La commission d’enquête
[ANALYSE]
La première ministre Kathleen Wynne se fait tirer l’oreille par l’opposition à l’Assemblée législative de l’Ontario pour mettre sur pied une commission d’enquête sur l’octroi de contrats publics, semblable à la commission Charbonneau au Québec.
FRANÇOIS PIERRE DUFAULT
fpdufault@tfo.org | @fpdufault
Pour l’instant, il n’en est pas question.
Les libéraux à Queen’s Park, comme tous les partis qui restent longtemps au pouvoir, traînent avec eux quelques casseroles qu’ils aimeraient bien faire oublier. Ils craignent peut-être qu’une une commission d’enquête fasse remonter à la surface des histoires sur Cybersanté, ORNGE, les centrales au gaz, les contrats d’énergie renouvelable ou encore la privatisation d’Hydro One.
C’est d’ailleurs à la filière d’Hydro One que le chef progressiste-conservateur Patrick Brown s’attaquerait en premier. Il trouve « inapproprié » qu’un groupe de banques ayant engrangé 29 millions $ lors de la vente d’une première tranche du fournisseur d’électricité, l’automne dernier, ait par la suite organisé une cueillette de fonds de 165000$ au profit du Parti libéral.
M. Brown aimerait aussi qu’une commission se penche sur l’octroi de contrats d’énergie éolienne de près de 430 mégawatts à sept entreprises ayant contribué 255000$ à la caisse électorale des libéraux, alors que trois entreprises n’ayant rien donné au gouvernement n’ont reçu aucun contrat.
« Coïncidence »?
Le ministre Bob Chiarelli dit qu’il s’agit d’une simple « coïncidence » si son gouvernement a accordé des contrats d’énergie renouvelable à des donateurs à la caisse libérale et pas à d’autres. Sa réponse n’est pas la plus convaincante. Ni la plus rassurante.
Surtout à la lumière d’un rapport de la Vérificatrice générale Bonnie Lysyk qui estime que les contrats trop généreux de l’Ontario aux producteurs d’énergie « verte » pourraient faire gonfler inutilement les factures d’électricité de 9,2 milliards $ sur 20 ans. Et ça, alors que l’éolien et le solaire comptent pour moins de 10% de la production totale d’énergie dans la province.
Les Québécois demanderaient des comptes pour moins que ça.
La vice-première ministre Deb Matthews affirme pour sa part que l’Ontario n’a pas besoin d’une commission d’enquête sur l’octroi de contrats publics parce que les règles d’approvisionnement du gouvernement sont claires. Mais elles le sont aussi au Québec. Et ça n’a pas empêché des gens malhonnêtes de les contourner.
Activités de financement
Bousculés par l’opposition, les libéraux à Queen’s Park ont soudainement mis fin à leurs activités de financement avec des entreprises privées et des syndicats, cette semaine, dans l’attente d’une réforme du financement des partis politiques qui devrait intervenir d’ici l’été.
Est-ce suffisant?

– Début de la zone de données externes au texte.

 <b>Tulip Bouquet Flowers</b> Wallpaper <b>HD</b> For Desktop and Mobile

Non. Mais est-ce qu’une commission d’enquête est pour autant le meilleur moyen de « faire le ménage », comme le souhaite M. Brown? Pas sûr.
Les audiences télévisées de la juge France Charbonneau, au Québec, ont permis de mettre en lumière des failles du système. Sans plus. C’est plutôt le travail de l’Unité permanente anticorruption (UPAC) qui a mené à des arrestations dans le monde politique, dont un ancien maire de Montréal et, plus récemment, l’ancienne vice-première ministre Nathalie Normandeau.

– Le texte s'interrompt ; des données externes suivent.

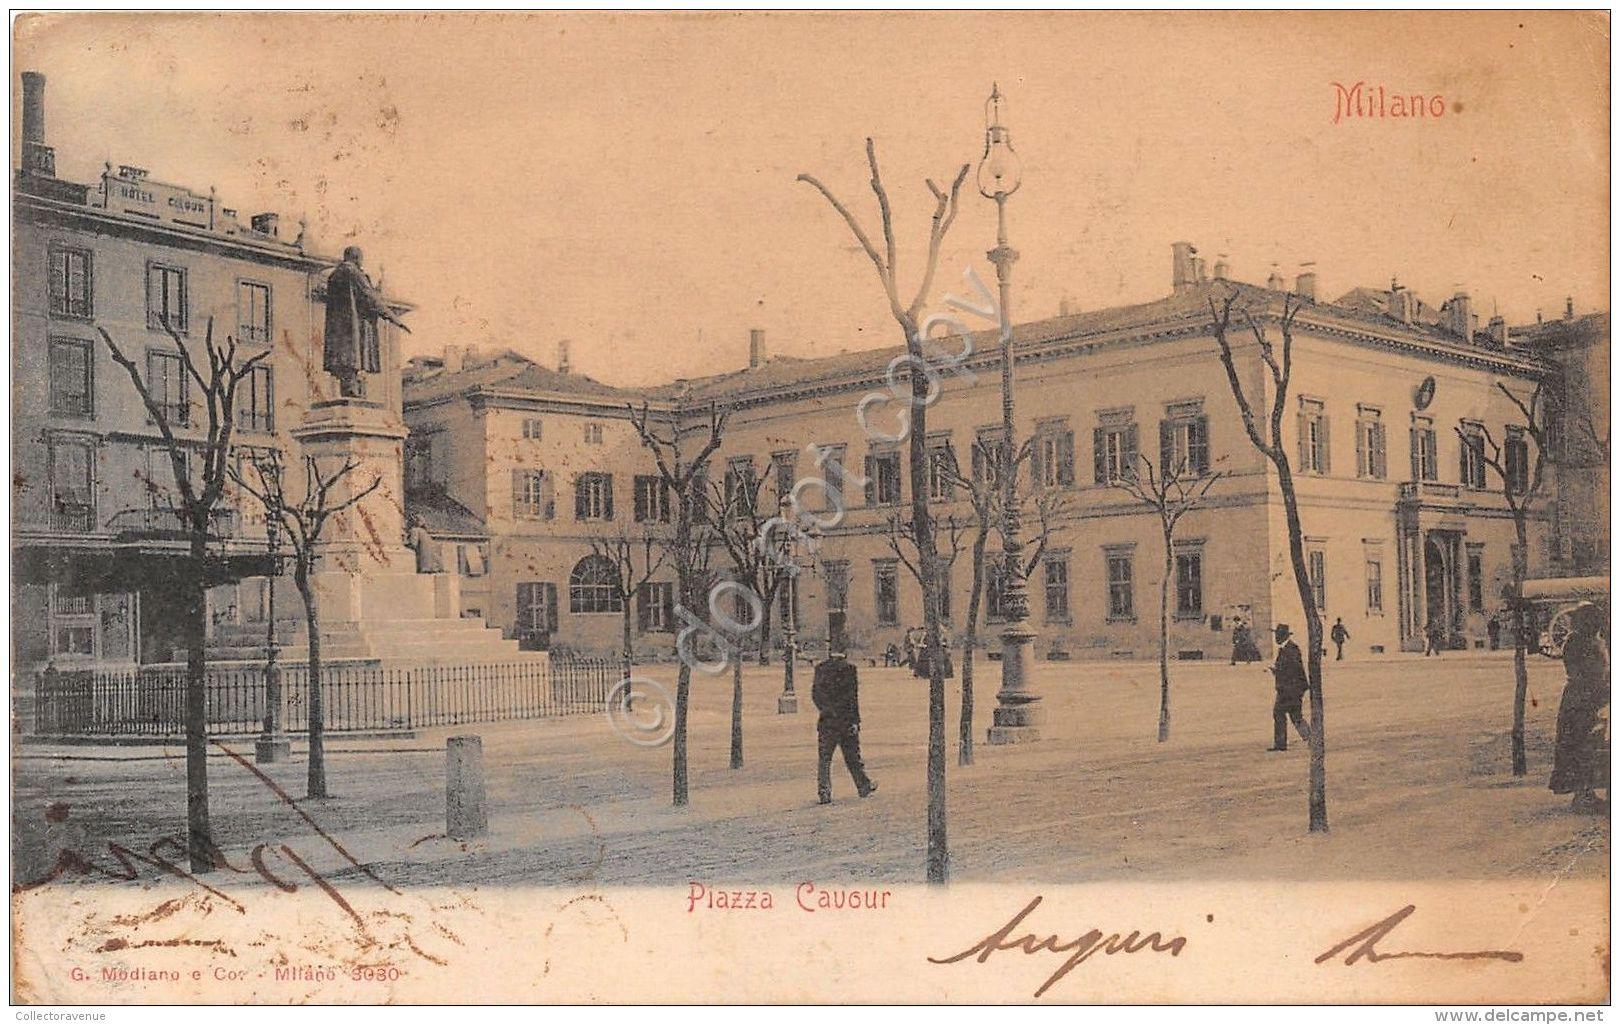 Cartolina - Postcard - Milano - Piazza Cavour - Animata - Italia

Les contribuables de l’Ontario obtiendraient probablement de meilleurs résultats d’une enquête robuste de la police que d’une cour en direct à la télévision.

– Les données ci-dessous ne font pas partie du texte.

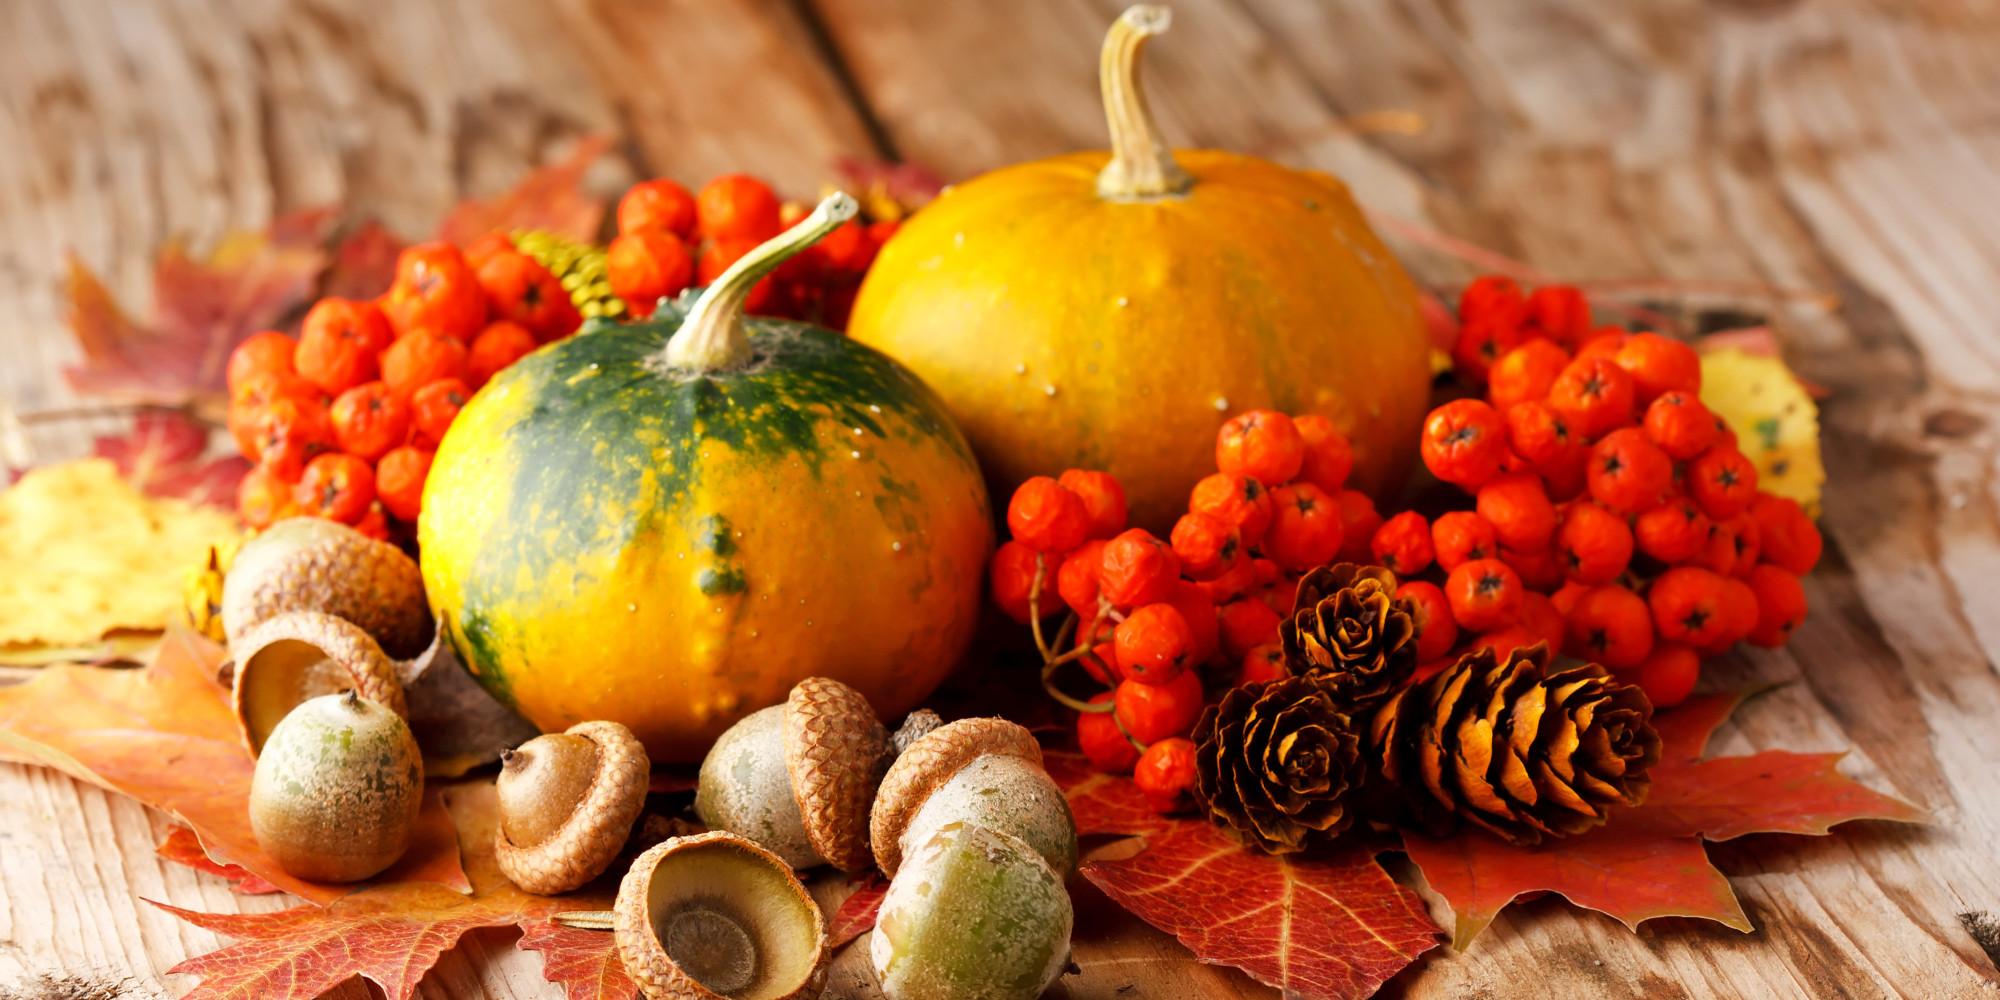 London's Fall Food Festival

Mais c’est la commission d’enquête, avec toute sa mise en scène, qui reste gravée dans l’imaginaire du grand public. Le nom Charbonneau évoque au Québec la lutte à la corruption peut-être plus encore que l’UPAC. En politique, l’apparence d’un conflit d’intérêt est aussi dommageable que le conflit d’intérêt lui-même.
Et c’est probablement le calcul que fait Patrick Brown.
Cette analyse est publiée également dans le quoditien LeDroit du 9 avril.